Frank Lloyd Wright Quote

"Form follows function-that has been misunderstood. Form and function should be one, joined in a spiritual union"

Frank Lloyd Wright

Tuesday, May 4, 2010

I'm Venting Here

Who remembers the kitchen rebirth post?  Nobody?  Maybe that's because it was almost THREE YEARS AGO!!  So why is that such a big deal?  Because I've had my fancy new Vent-a-Hood range hood installed since then, but I had never gotten around to installing the actual vent, so it was nothing more than an overpriced overhead light.

Well... NOT ANYMORE!!!  I finally got around to installing the ductwork so I can now use the vent.

Step 1: Drill a small pilot hole all the way through your wall.  For this you'll need a very long drill bit - about a 12" x 1/4" bit is what I have.  Determine the center of your duct on the inside of your cabinet and then proceed to drill a hole all the way through your wall.  I know, it's a little unnerving.  Make sure you hold the drill perfectly perpendicular to the wall otherwise the hole you cut on the outside will not line up properly with the hole you cut on the inside.

Step 2:  Cut the siding.  Measure out from your pilot hole equal distances on all four sides, taking into account your vent size, plus any trim pieces you want to add.

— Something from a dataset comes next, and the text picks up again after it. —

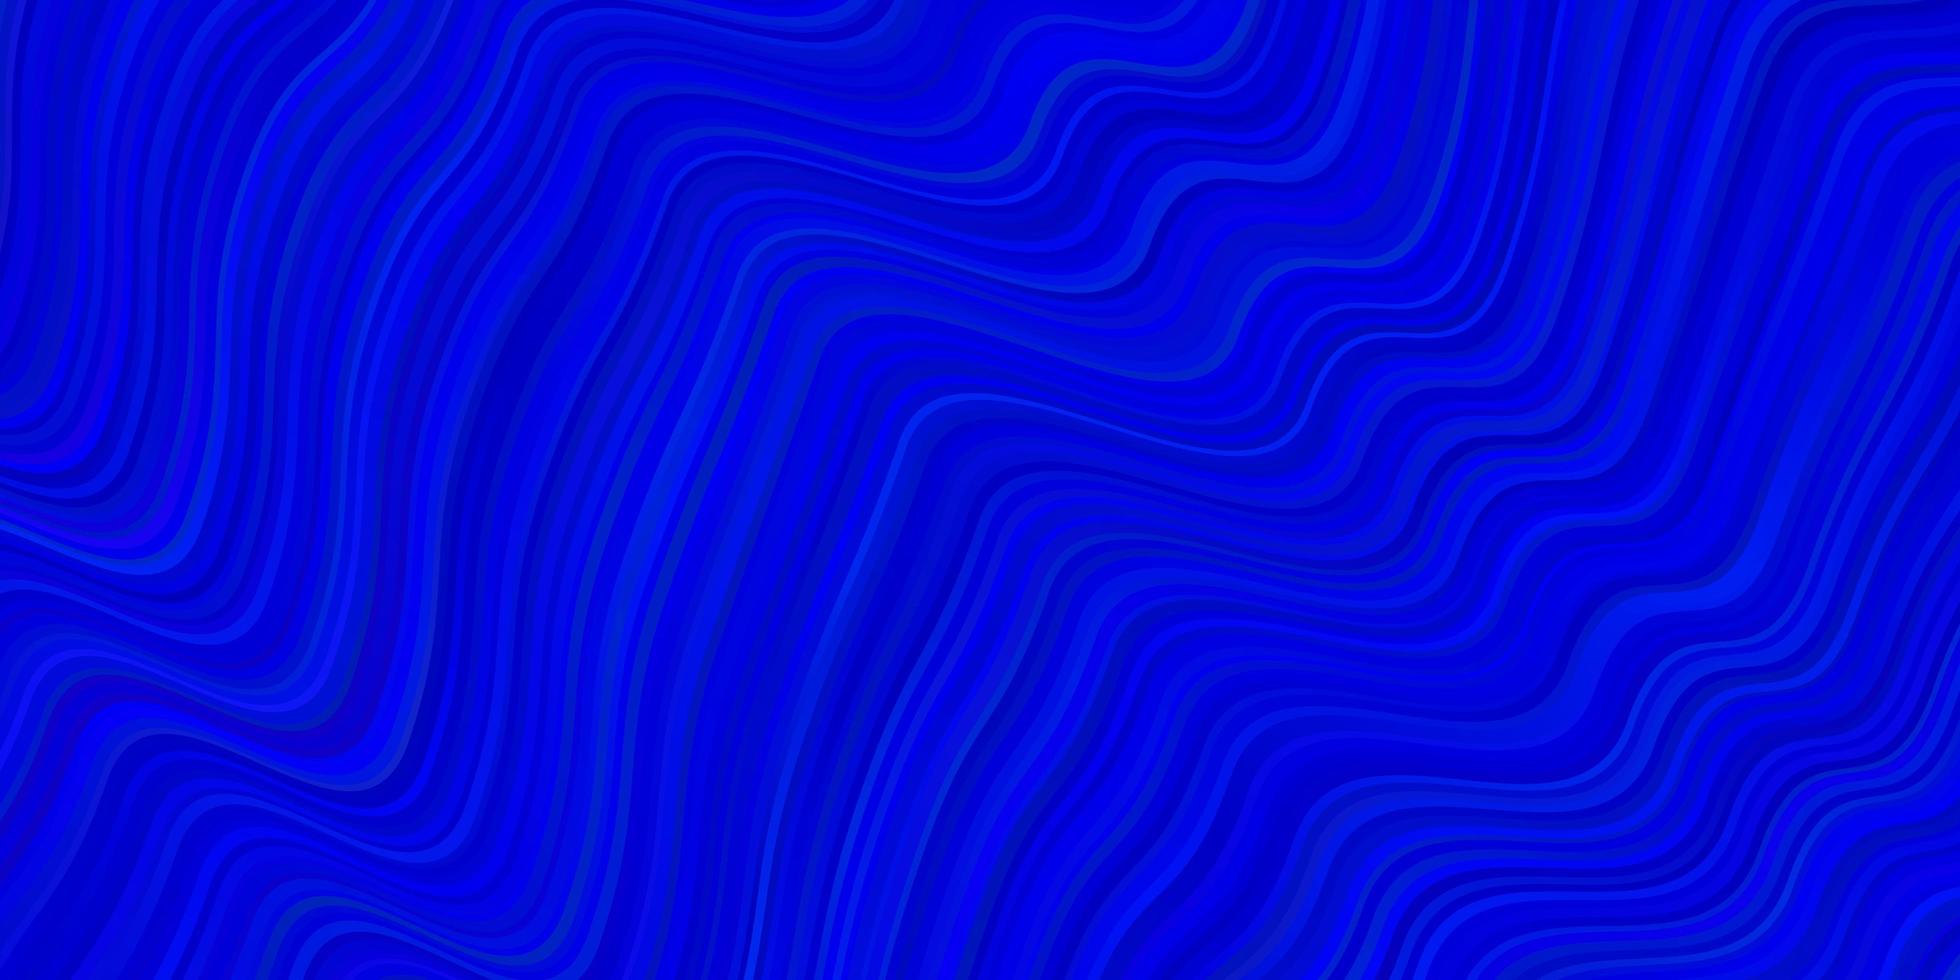 hellrosa blaue Vektorvorlage mit Linien vektor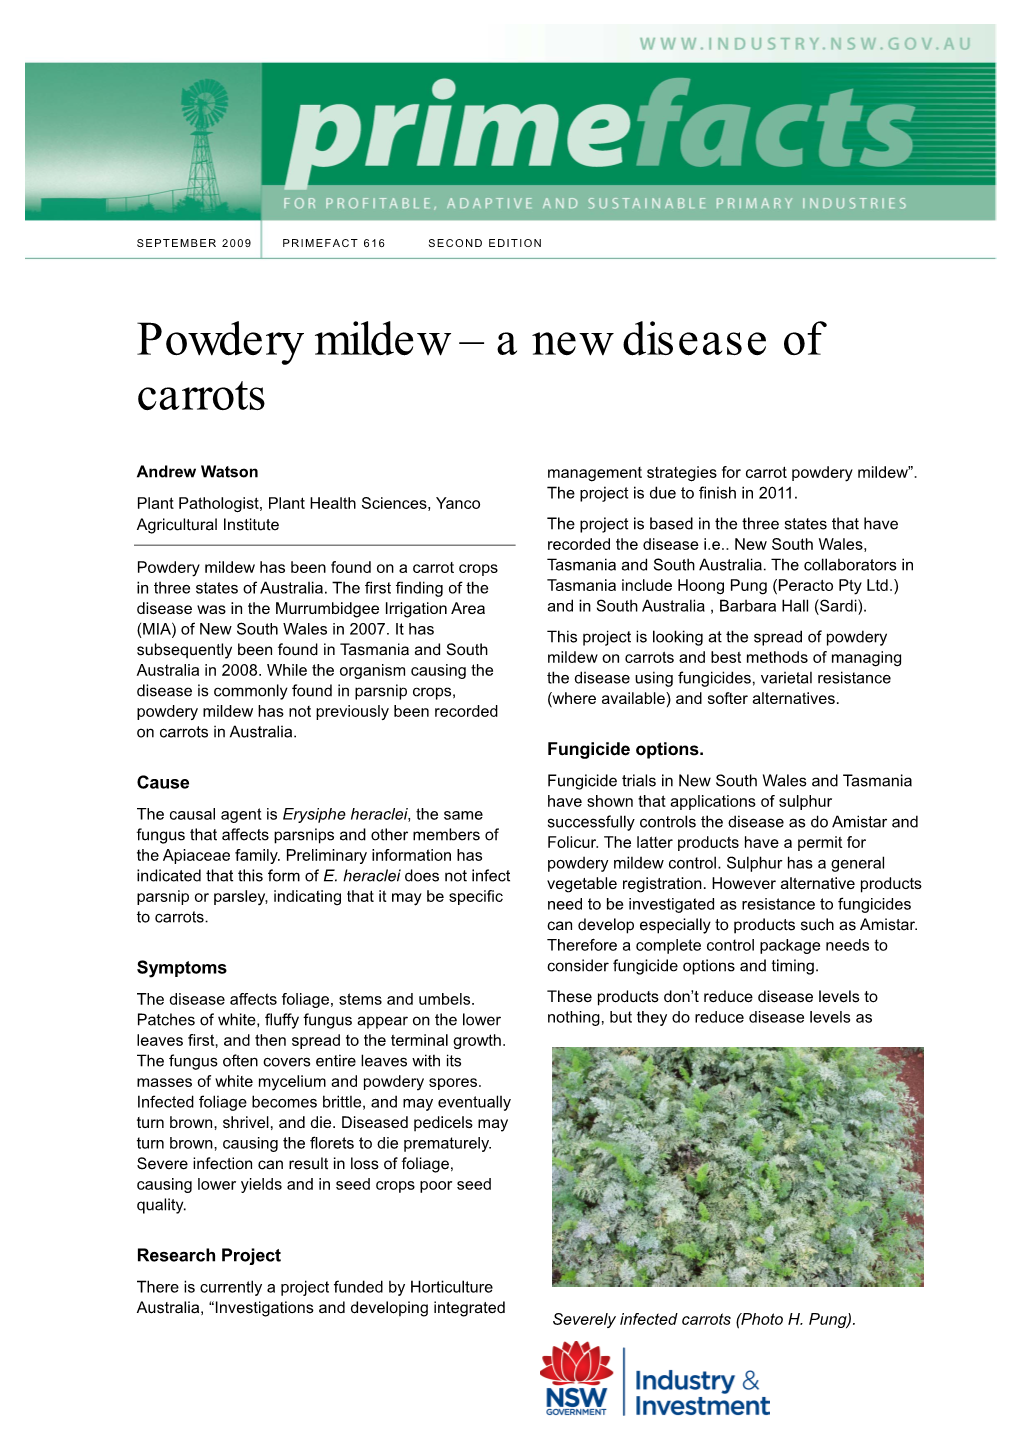 Powdery Mildew – a New Disease of Carrots

I got lucky and set my circular saw depth perfectly on the first try (3/4").  It cut all the way through the siding, but left the tar paper untouched underneath.
 Step 3: Cut a hole through the exterior sheathing.  Make sure it is a little bigger than the duct you will be stuffing through it.  I used a combination of a jigsaw, sawzall, and a keyhole saw to get it done.  Don't forget to make sure there are no electrical wires or plumbing running through the space BEFORE you start cutting.
Step 4:  Cut a hole through the back of your cabinet and the interior wall.  Use the same method as you did on the exterior.  If you took your time, measured right, and are an expert with the saw, your holes will line up perfectly and will be about 1/4" bigger than the duct.  If you are like me, it will be a jagged mess that needs trimming until you can force the ductwork through without too much bending and warping.
Step 5: Install the vent and trim pieces.  My vent has a round duct that you stick through the hole you cut, and a square flange that gets nailed into the exterior sheathing.  I then use some brick moulding to surround it.  All gaps were caulked to keep the water out.

Step 6: Install the ductwork and caulk the hell out of it!
Now I can boil pasta without steaming up the kitchen windows, or grill chicken on the stovetop without setting off the smoke detectors. Yay!